Starring Scarlett Johansson, Adam Driver and Miles Teller, the film has been officially selected for the Competition section of the 79th Cannes Film Festival.
Rather than turning this work into a conventional gangster genre movie, Gray adopts an almost unflinching realistic perspective to set his lens on post-WWII New York, a city that seemed prosperous and booming on the surface yet seethed with undercurrents beneath.
On this promised land, the desperate struggles of these two immigrant brothers amount to an inherently futile pursuit of upward social mobility. It is far more than a family conflict; it represents Gray’s interpretation of the "American Dream" from an alternative viewpoint.
Faced with systemic violence, will blood ties tear apart easily like a paper tiger, or will people make boundless sacrifices for their family members?

Deconstruction of the Text: The Banality of Evil and the Anxious Predicament of the Middle Class
In terms of narrative framework, the core plot of Paper Tiger is highly concise. Irwin Pearl, played by Teller, and Linda Pearl, portrayed by Johnson, are a typical traditional American couple.
Belonging to the lower stratum of the American middle class, they raise two sons together and scrape by on a seemingly stable yet precarious job. Nevertheless, overwhelming debts beneath an outwardly prosperous life and regular monthly bills turn into an invisible black hole eroding their dignity.
In stark contrast stands Gary Pearl, the elder brother played by Driver, whose lifestyle is worlds apart.
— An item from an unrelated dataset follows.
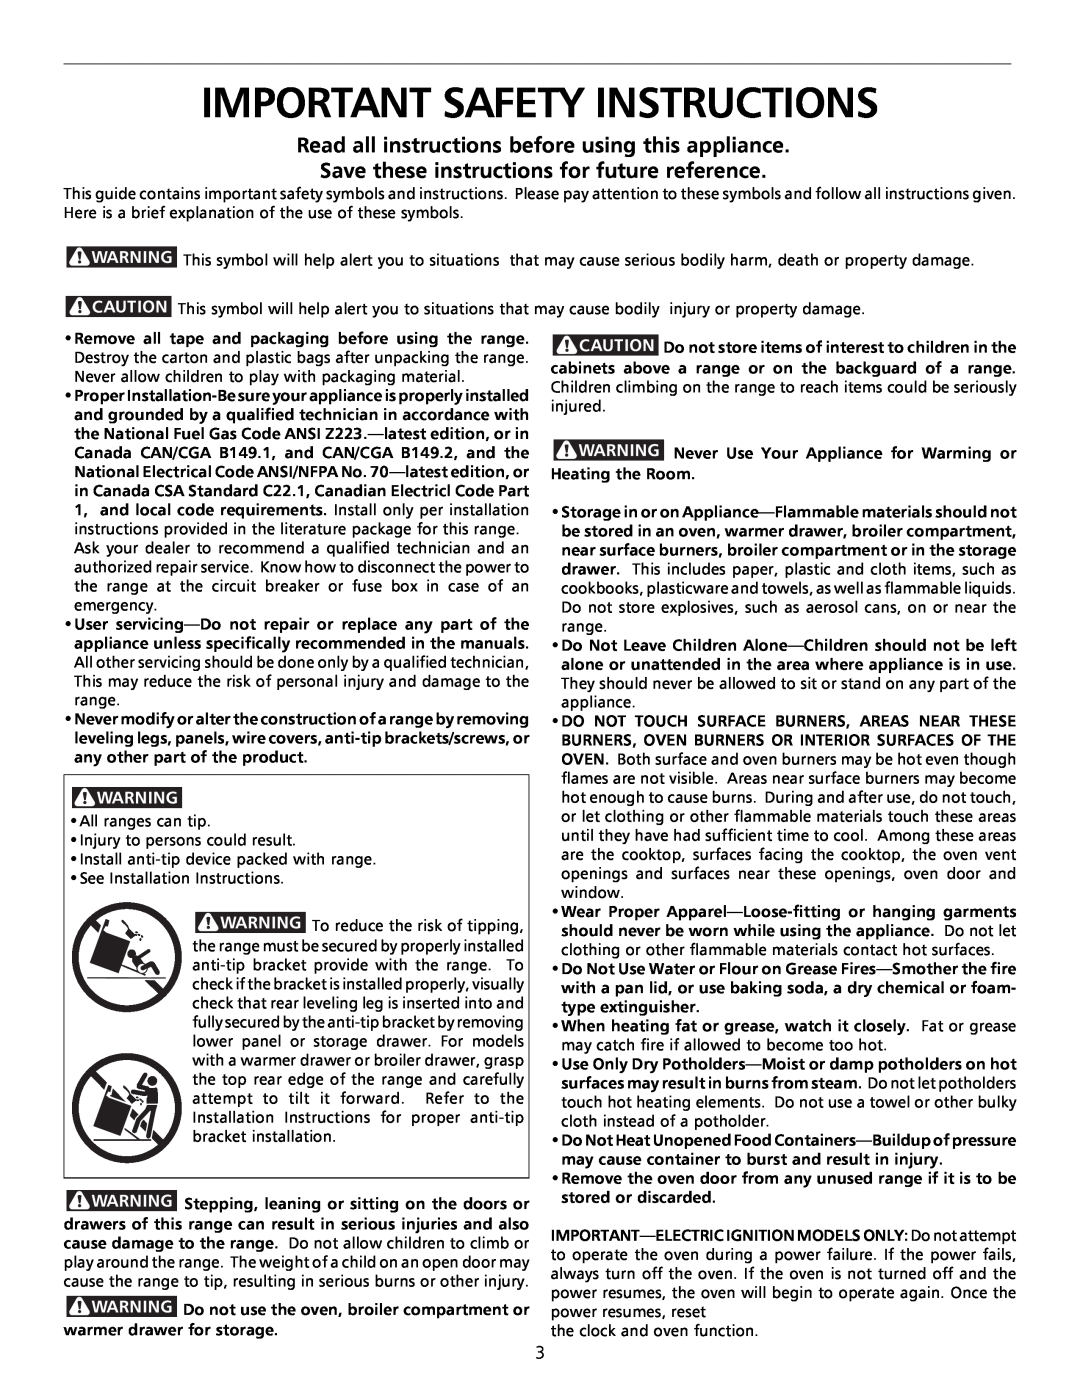 Tappan 316000181 Important Safety Instructions, Read all instructions before using this appliance 
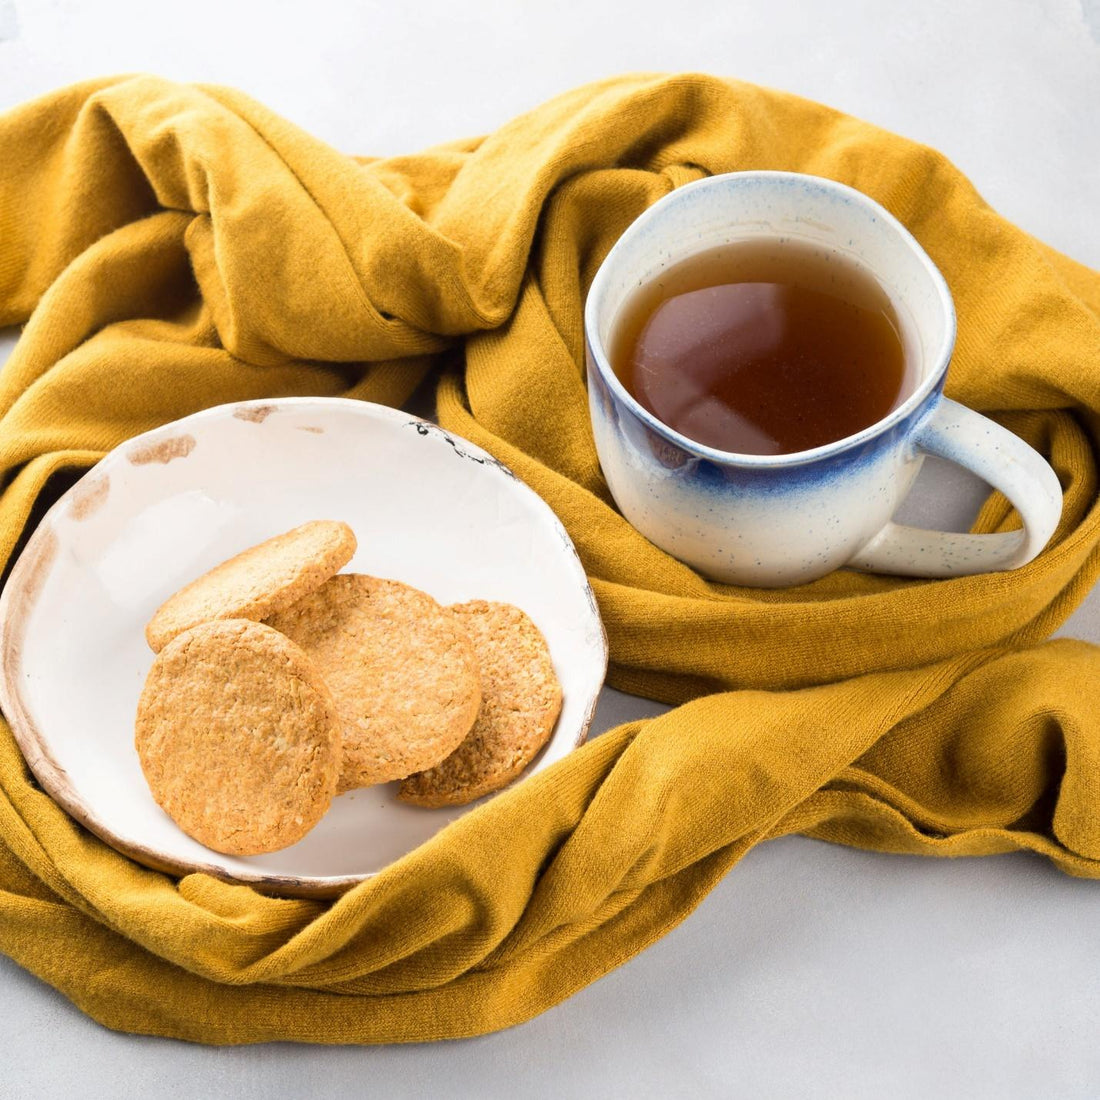 Deliciously Moist and Flavorful: Tea Cake Recipe with a Twist of Concentrated Sweet Tea

A former New York City police officer fresh off a divorce, he lives alone in a landmark high-rise building in New York, filling his days with cigars, alcohol and the noise of sports games. His deliberate display of class superiority sharply depicts a seasoned, somewhat arrogant white elite who navigates between high society and criminal gangs.

The film adopts an intricate dual-narrative structure. The main storyline centers on how this ordinary American middle-class family spirals out of control amid the looming, relentless threats from the Russian mafia; the secondary storyline depicts Gary’s internal human struggle as he grapples with tangled power dynamics and emotions, striving desperately to protect his younger brother.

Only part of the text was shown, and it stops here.